- Как сам-то? - спросил Димыч друга.
- Да вот, посмотри, - мигнул тот. Снял один за другим четыре зубных протеза, приподнял верхнюю губу, приспустил нижнюю, обнажив розовые десны между желтых пеньков.
- Что остановился? - сказал Димыч, с интересом рассматривая чудеса стоматологии. - Дальше давай…
- Что дальше? Не понял.
- Снимай другие протезы: деревянную ногу, пластмассовую руку, фарфоровый глаз, титановый череп, парик из норковой шубки, ну и что там еще у тебя не своё.
- Шутишь? - кивнул Вениамин.
- Если самый чуть-чуть. Как говорила наша учительница по литературе: “Тогда считать мы стали раны, товарищей считать”. - Он грустно улыбнулся, похлопал друга по плечу. - Ладно, Веня, верни запчасти на место и давай за стол. Очень кушать хочется.

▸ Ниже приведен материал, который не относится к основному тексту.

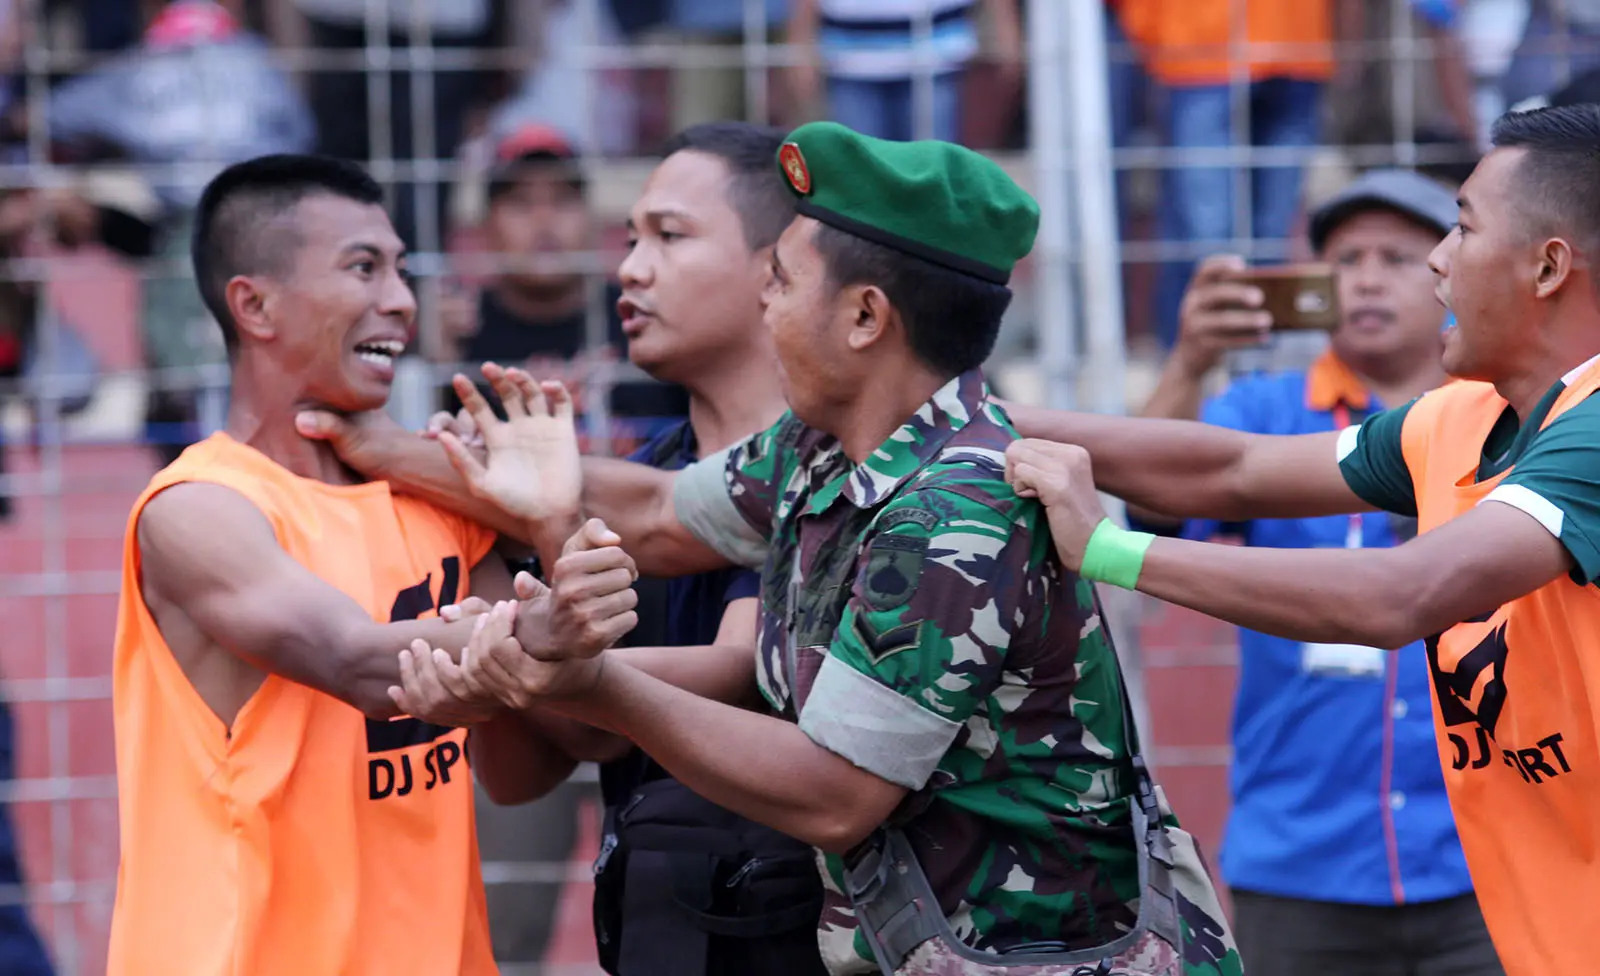 Duel Persibat vs PSMS di Stadion M. Sarengat, Batang, Jumat (29/9/2017), berujung keributan. (Bola.com/Robby Firly)

“Приземлились” мы в большой комнате, где торцом к широкому окну примыкал длинный стол, всегда готовый к приему гостей. Из динамиков лилась приятная джазовая мелодия, за окном открывался раздольный вид на Волгу с убегающими вдаль заливными лугами поймы. За полчаса к нам заглянул сосед снизу Эдик “за луковицей” и сразу две веселые старушки почтенного возраста баба Лина и Евдокия Поликарповна “на предмет занять два рублика до пенсии”. Луковицу выдал с кухонного овощехранилища хозяин, по рублику пришлось складываться нам с Димычем, за что дамы пообещали “подать за нас записки в храм и свечки поставить”. Наконец, обменявшись новостями, мужчины выслушали небогатую историю моей жизни.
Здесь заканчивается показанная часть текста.